# One piece of wood where to position it



## hinch (23 Jun 2012)

For my little blog I've set myself a challenge of getting an entire tank setup and planted for less than £100 all in.  To do it I've had to beg borrow scrounge and buy second hand everything.
Now I'm almost out of budget for the challenge upto £70 so far and still have plants to buy/steal but there was a single piece of hardscape came with my 2nd hand tank which I'm trying to make use of save me having to buy more and risk breaking my budget.

Here are a few pictures of the wood in the tank in a couple of different positions do any of them kinda work for you guys or have you got any other suggestions on how to position the wood.  One thing to remember is I'll be hiding most of the big chunk of it below substrate so only the branches are sticking out.










<











What do you think


----------



## pariahrob (23 Jun 2012)

That's a fun little challenge!

My choice for wood positioning would be the second photo but a little to the right. That would make for a nice island style scape, with some nice height.

Good luck with it. If I take any plants out of my tank I'll you know and if you want them they're yours.

Rob


----------



## Nathaniel Whiteside (23 Jun 2012)

2nd one.


----------



## Iain Sutherland (23 Jun 2012)

first one maybe angled up and clockwise slightly, i find the thicker arm a little dominating in the second one, but that just me


----------



## hinch (23 Jun 2012)

hrmp i never thought about doing it as an island only thing in my head was i'm stuck with an internal filter which isn't bad (its an eheim aquaball) but I was thinking of using the wood to hide it by building up around the wood and putting some big leafed stems behind it and crypts around the front with some javafern attached to it to fill it in.

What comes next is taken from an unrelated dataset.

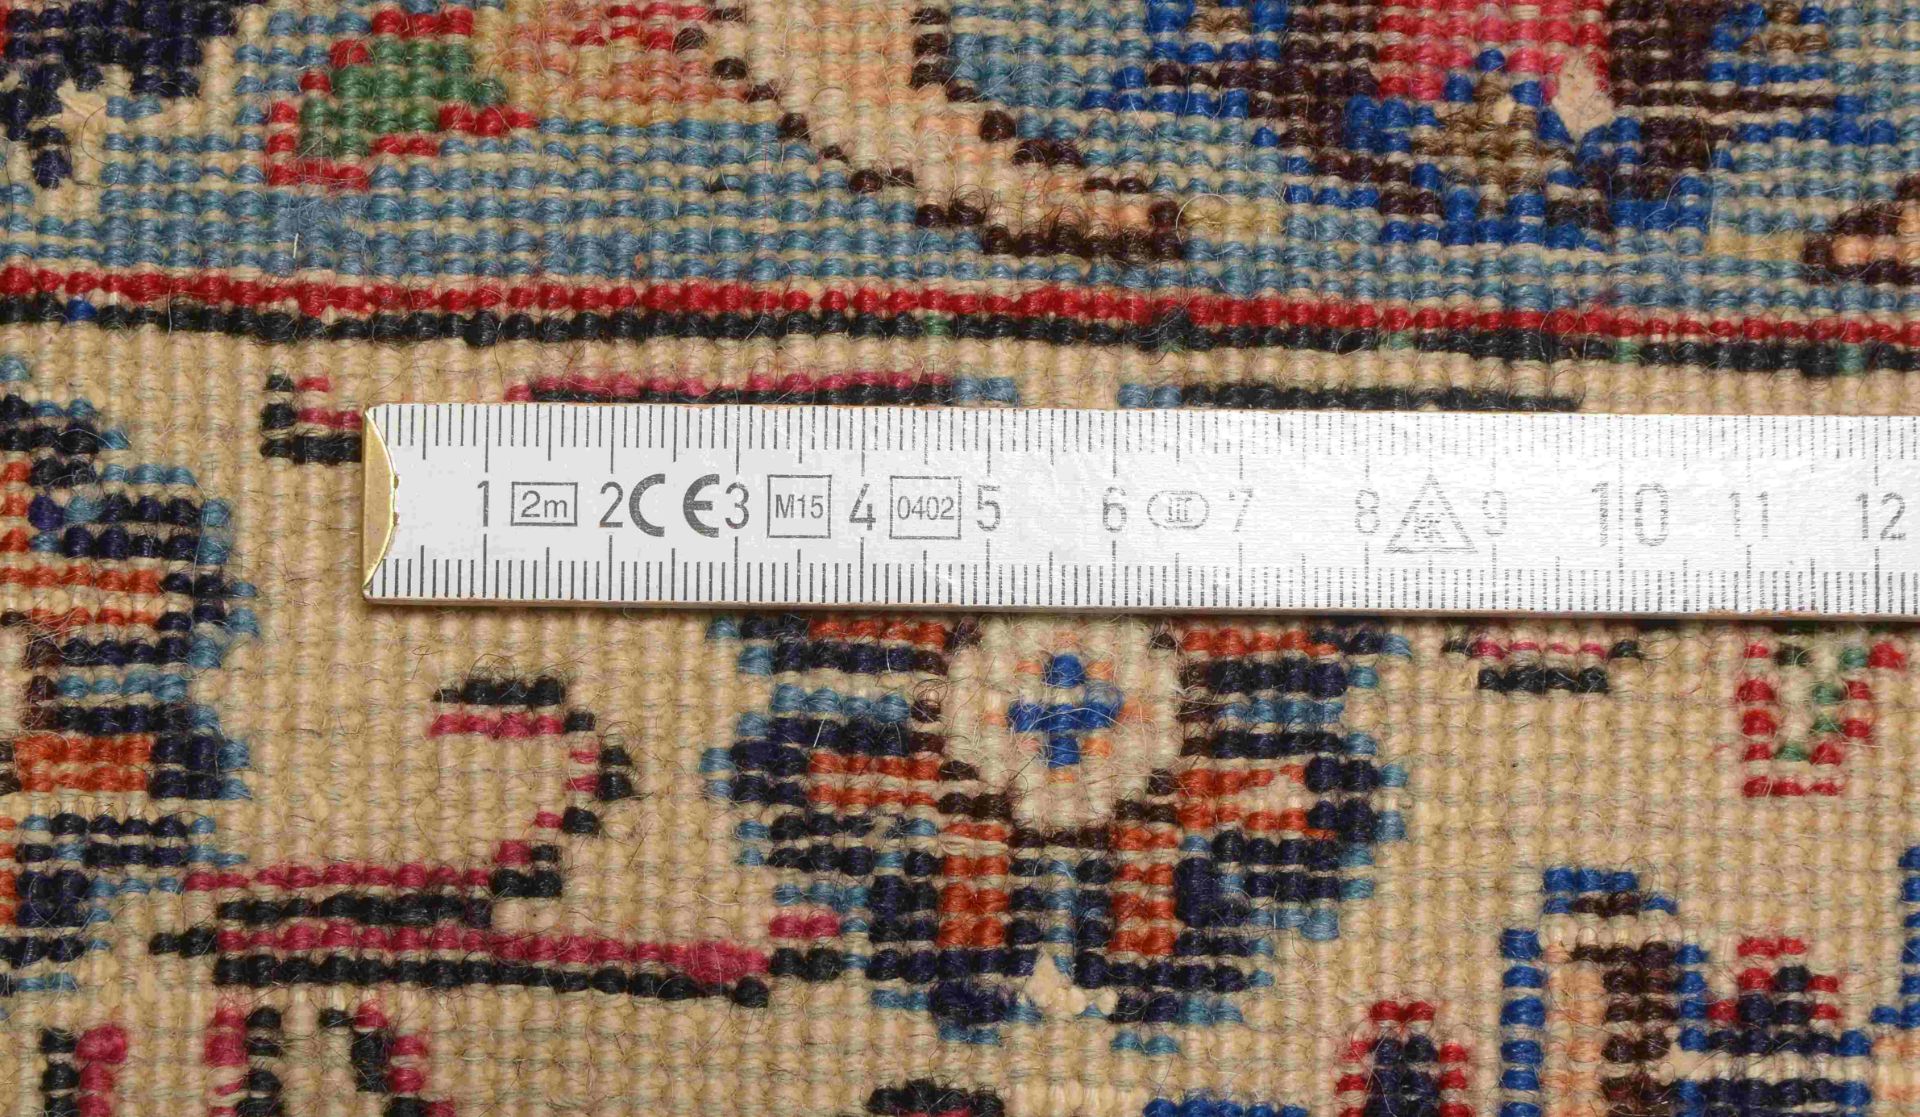 Mesched, älter, feste Knüpfung, hellgrundig, mit bekannter Mesched-Signatur; Maße 362 x 258 cm (stel - Bild 2 aus 3

Lemmie just go adjust the wood to being central based off no2 and I'll upload a new one see what its like (my initial preference was for the last one which is is basically first one rotated clockwise  )


----------



## hinch (23 Jun 2012)

more wood positioning by hinchles, on Flickr


more wood positioning by hinchles, on Flickr


----------



## awtong (23 Jun 2012)

pic 2 was my favorite initial image and now I like the last one where it is a touch off centre.

Andy


----------



## Aqua sobriquet (23 Jun 2012)

Number one does it for me!


----------



## tim (23 Jun 2012)

i like number one in the second batch of pics bank the substrate cover the thick branch with moss nice big microsorum in the center of the wood lots of crypts around your island where are you setting this tank up mate ?


----------



## hinch (23 Jun 2012)

just sticking it at the bottom of the stairs

plant wise so far I've collected/aquired

java fern x lots and lots
crypt wendtii brown x4
crypt wendtii green x3
Echinodorus harbich (I think not 100% its some kind of echinodorus just not fully sure on type 1 plant 1 small plantlet)
Cyperus Helferi ( 3 lots not much so need to be careful where i use it)
Eleocharis Acicularis / Dwarf Hairgrass (quite alot but its not really growing in its current home so not sure if it'll be useful or not)
Hygrophila x about 30 stems (either Hygrophila angustifolia or Hygrophila salicifolia not sure)
Ludwigia or Rotala x LOADS its a weed in one of my other tanks (again not 100% sure what it is looks a little like Ludwigia repens or perhaps a red Rotala rotundifolia never been able to ID it)
A type of vallis I've never seen anywhere else either grows short and bush like with really thick leafs


----------



## tim (23 Jun 2012)

cool budget tanks have gotta be the way to go the way the economy is going ive got some crypt balansae you can have if you want it mate look good flowing centrally over the wood get a journal up for the tank


----------



## hinch (23 Jun 2012)

posted a plant list of what I've got at the moment in my previous post (I edited it while you replied  ) I want to get it posted up first as part of my tanks on a budget mini series then I'll make a journal post here.  Pretty sure it won't look too good on the budget its going on but my plan is to expand it a little in future with some co2 and extra lighting once i've done the whole on a budget thing and decide to turn it into a tank for myself not just an article.


----------



## tim (23 Jun 2012)

where are you posting your blog mate


----------



## hinch (23 Jun 2012)

part one is here http://www.keepingtropicalfish.co.uk/?p=267
part 2 will hopefully be tomorrow which will cover setting up a standard tank ie: non planted for a few neons etc 
part 3 will be planting the tank up on a budget.

its only a little personal site thing I just thought i'd like to write everything down as I went basically


----------



## Antipofish (23 Jun 2012)

Pic 2 for me and off centre definitely.


----------



## Westyggx (23 Jun 2012)

Pic 2 and 5 for me!


----------



## adamhawk (23 Jun 2012)

Certainly would go for the first one. Pic 1


----------



## sdlra (23 Jun 2012)

second picture for me slightly central though


----------